Many methods return information:

| Method | Brief Description |
| :----- | :---------------- |
| [`ray.get_gpu_ids()`](https://ray.readthedocs.io/en/latest/package-ref.html#ray.get_gpu_ids) | GPUs |
| [`ray.nodes()`](https://ray.readthedocs.io/en/latest/package-ref.html#ray.nodes) | Cluster nodes |
| [`ray.cluster_resources()`](https://ray.readthedocs.io/en/latest/package-ref.html#ray.cluster_resources) | All the available resources, used or not |
| [`ray.available_resources()`](https://ray.readthedocs.io/en/latest/package-ref.html#ray.available_resources) | Resources not in use |

You can see the full list of methods in the [Ray Core](https://docs.ray.io/en/latest/ray-core/api/core.html#core-api) API documention.

In [None]:
print(f"""
ray.get_gpu_ids():          {ray.get_gpu_ids()}
ray.nodes():                {ray.nodes()}
ray.cluster_resources():    {ray.cluster_resources()}
ray.available_resources():  {ray.available_resources()}
""")

In [None]:
ray.nodes()[0]['Resources']['CPU']

## Tips and Tricks and Patterns and Anti-patterns for first-time users
Because Ray's core APIs are simple and flexible, first time users can trip upon certain API calls in Ray's usage patterns. This short tips & tricks will insure you against unexpected results.
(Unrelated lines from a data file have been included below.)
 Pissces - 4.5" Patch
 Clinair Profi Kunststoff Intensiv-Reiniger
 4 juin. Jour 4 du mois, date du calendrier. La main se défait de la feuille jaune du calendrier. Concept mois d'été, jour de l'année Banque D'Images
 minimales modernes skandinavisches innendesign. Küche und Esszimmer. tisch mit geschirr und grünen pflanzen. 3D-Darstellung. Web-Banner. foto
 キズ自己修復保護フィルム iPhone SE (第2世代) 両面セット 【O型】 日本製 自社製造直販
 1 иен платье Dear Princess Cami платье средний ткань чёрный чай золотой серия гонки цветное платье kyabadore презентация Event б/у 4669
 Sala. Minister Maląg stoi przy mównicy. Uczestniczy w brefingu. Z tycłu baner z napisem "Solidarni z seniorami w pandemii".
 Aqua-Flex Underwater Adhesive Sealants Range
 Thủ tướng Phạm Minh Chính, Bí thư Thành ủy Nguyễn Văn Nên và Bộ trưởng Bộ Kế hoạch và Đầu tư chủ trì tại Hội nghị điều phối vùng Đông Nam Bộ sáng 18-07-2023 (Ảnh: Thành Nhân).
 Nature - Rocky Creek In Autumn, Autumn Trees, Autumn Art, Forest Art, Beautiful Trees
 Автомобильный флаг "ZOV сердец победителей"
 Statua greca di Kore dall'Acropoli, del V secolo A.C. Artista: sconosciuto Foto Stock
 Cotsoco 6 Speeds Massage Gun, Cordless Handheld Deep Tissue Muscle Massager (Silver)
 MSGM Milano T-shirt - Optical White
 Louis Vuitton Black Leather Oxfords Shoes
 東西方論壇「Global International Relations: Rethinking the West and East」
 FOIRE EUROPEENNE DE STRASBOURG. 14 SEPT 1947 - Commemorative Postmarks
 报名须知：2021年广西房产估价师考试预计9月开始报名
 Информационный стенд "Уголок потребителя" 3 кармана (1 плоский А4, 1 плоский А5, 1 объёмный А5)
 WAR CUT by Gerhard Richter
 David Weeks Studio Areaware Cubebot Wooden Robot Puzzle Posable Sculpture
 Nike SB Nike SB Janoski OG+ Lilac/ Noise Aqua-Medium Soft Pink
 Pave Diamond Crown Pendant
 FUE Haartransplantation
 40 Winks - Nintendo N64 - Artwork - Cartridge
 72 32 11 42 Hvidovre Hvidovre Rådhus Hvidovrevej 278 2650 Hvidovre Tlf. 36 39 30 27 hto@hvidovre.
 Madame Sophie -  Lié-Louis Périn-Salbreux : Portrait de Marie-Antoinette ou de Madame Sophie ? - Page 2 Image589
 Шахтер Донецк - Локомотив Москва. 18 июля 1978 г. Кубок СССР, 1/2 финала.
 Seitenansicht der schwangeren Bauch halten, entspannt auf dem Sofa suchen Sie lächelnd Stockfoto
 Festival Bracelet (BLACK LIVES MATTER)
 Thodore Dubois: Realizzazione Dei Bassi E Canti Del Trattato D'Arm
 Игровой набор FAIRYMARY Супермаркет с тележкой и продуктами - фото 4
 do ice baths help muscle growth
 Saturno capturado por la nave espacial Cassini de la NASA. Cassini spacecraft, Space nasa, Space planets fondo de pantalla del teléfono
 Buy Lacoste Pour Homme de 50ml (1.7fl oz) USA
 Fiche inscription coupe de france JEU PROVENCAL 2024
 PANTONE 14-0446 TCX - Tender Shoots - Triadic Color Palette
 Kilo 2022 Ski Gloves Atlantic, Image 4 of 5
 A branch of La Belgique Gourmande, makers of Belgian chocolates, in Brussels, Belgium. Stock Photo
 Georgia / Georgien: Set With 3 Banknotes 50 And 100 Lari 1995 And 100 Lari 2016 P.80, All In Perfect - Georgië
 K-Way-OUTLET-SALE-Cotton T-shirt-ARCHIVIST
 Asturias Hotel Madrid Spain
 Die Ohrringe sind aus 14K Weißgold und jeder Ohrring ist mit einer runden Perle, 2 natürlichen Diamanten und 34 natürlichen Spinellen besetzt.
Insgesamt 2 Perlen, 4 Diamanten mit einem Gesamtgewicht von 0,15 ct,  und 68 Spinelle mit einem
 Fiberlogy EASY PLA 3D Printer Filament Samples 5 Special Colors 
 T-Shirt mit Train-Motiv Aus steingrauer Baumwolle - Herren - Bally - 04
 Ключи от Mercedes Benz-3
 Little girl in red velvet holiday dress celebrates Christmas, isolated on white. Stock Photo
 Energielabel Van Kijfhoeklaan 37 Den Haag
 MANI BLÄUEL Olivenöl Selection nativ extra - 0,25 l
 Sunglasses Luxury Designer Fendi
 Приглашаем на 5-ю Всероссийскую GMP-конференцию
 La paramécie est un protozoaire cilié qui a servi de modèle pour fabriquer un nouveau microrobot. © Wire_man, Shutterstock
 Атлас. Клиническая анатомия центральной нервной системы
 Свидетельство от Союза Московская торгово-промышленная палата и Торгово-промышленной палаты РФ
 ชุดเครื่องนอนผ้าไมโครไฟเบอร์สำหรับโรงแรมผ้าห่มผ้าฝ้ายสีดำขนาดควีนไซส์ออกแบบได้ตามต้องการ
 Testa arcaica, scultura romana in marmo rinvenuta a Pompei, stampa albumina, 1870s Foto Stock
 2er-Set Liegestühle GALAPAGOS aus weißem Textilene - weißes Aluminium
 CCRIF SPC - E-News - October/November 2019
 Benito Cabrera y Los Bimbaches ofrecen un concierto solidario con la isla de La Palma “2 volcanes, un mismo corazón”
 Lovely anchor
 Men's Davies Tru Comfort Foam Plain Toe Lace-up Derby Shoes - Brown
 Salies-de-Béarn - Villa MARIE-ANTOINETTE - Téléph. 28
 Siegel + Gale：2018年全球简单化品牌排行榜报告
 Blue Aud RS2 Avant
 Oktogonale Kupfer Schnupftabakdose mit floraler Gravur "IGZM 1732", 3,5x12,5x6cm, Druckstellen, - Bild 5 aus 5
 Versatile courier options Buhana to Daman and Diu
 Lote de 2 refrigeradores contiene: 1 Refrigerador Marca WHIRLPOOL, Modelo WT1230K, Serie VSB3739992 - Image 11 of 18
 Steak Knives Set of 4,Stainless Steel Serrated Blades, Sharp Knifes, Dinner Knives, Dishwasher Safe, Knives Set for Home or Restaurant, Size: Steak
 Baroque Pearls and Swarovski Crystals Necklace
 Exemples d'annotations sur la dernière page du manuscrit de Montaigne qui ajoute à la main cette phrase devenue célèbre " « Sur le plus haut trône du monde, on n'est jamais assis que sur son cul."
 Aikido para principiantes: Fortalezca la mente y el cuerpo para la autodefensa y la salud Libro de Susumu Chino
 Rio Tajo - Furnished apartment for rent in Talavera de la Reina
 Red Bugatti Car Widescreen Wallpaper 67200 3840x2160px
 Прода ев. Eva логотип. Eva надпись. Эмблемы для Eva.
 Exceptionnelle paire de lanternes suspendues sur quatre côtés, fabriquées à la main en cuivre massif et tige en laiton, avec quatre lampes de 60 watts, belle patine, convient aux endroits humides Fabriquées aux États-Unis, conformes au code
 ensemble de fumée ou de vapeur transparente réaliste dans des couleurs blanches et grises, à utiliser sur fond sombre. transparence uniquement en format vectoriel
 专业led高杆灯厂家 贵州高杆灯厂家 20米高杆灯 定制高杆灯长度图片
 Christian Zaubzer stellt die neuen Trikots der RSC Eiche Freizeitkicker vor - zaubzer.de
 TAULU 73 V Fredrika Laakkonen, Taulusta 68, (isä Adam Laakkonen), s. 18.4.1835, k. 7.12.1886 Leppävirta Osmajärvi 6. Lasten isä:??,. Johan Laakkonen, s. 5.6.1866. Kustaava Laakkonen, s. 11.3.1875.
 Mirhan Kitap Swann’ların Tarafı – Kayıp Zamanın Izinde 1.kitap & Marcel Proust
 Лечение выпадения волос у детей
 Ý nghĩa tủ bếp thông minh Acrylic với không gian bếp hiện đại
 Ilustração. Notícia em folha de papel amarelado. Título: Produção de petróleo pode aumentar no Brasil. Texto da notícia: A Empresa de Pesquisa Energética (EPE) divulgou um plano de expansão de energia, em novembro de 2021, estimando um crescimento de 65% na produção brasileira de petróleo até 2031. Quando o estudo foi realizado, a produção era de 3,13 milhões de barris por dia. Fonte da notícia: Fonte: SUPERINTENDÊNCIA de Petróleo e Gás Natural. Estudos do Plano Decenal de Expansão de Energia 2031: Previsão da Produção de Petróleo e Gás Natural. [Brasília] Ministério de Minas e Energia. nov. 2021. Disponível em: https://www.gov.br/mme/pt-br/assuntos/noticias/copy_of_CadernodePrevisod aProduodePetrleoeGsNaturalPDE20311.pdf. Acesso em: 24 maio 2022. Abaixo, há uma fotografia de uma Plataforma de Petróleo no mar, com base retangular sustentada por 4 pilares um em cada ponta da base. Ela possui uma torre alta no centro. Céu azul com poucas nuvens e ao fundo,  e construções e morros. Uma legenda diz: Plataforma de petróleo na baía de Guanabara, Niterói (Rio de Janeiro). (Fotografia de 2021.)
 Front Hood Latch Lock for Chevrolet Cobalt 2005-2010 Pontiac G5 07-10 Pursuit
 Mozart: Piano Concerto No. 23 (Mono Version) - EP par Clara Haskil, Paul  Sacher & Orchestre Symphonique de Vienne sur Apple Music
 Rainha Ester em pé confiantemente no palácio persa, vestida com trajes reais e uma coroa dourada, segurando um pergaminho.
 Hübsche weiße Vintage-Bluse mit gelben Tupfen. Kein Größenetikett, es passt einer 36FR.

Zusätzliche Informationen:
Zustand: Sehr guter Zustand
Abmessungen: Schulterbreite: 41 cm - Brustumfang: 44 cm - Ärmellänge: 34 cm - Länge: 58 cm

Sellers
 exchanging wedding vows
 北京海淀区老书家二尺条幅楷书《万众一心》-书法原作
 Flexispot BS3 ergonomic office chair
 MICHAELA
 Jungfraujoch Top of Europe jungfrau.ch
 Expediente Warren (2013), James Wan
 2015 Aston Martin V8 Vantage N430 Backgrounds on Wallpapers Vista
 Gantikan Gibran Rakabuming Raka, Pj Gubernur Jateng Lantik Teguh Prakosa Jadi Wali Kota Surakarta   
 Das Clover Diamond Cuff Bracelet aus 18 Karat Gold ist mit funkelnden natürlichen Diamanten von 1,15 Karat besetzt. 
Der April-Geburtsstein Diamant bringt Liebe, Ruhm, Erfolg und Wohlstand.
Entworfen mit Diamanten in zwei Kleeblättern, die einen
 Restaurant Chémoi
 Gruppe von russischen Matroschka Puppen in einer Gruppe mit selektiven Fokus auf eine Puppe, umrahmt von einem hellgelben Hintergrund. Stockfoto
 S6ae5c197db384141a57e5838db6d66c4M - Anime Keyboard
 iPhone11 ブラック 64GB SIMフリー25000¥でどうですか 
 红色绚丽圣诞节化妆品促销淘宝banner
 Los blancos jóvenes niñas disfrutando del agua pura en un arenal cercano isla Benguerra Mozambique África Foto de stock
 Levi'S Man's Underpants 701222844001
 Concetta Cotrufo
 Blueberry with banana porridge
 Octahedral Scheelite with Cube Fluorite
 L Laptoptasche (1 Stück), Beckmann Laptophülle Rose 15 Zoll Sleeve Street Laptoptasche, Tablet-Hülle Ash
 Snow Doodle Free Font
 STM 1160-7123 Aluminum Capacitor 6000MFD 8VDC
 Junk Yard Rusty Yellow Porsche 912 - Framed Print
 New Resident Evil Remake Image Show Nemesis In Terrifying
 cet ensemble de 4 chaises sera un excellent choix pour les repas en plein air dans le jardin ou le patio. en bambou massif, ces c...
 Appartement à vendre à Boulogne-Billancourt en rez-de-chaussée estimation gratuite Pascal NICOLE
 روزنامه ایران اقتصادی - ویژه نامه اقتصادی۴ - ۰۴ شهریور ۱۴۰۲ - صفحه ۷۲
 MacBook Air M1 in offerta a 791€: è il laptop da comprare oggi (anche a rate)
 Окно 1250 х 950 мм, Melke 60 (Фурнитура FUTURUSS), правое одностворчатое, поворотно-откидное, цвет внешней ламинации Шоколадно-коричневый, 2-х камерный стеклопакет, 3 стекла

Below we briefly explore a handful of API calls and their best practices.

### Use @ray.remote and @ray.method to return multiple arguments
Often, you may wish to return more than a single argument from a Ray Task, or 
return more than a single value from an Ray Actor's method. 

Let's look at some examples how you do it.

In [None]:
@ray.remote(num_returns=3)
def tuple3(id: str, lst: List[float]) -> Tuple[str, int, float]:
    one = id.capitalize()
    two = random.randint(5, 10)
    three = sum(lst)
    return (one, two, three)

# Return three object references with three distinct values in each 
x_ref, y_ref, z_ref = tuple3.remote("ray rocks!", [2.2, 4.4, 6.6])

# Fetch the list of references
x, y, z = ray.get([x_ref, y_ref, z_ref])
print(f'{x}, {y}, {z:.2f}')

A slight variation of the above example is pack all values in a single return, and then unpack them.

In [None]:
@ray.remote(num_returns=1)
def tuple3_packed(id: str, lst: List[float]) -> Tuple[str, int, float]:
    one = id.capitalize()
    two = random.randint(5, 10)
    three = sum(lst)
    return (one, two, three)

# Returns one object references with three values in it
xyz_ref = tuple3_packed.remote("ray rocks!", [2.2, 4.4, 6.6])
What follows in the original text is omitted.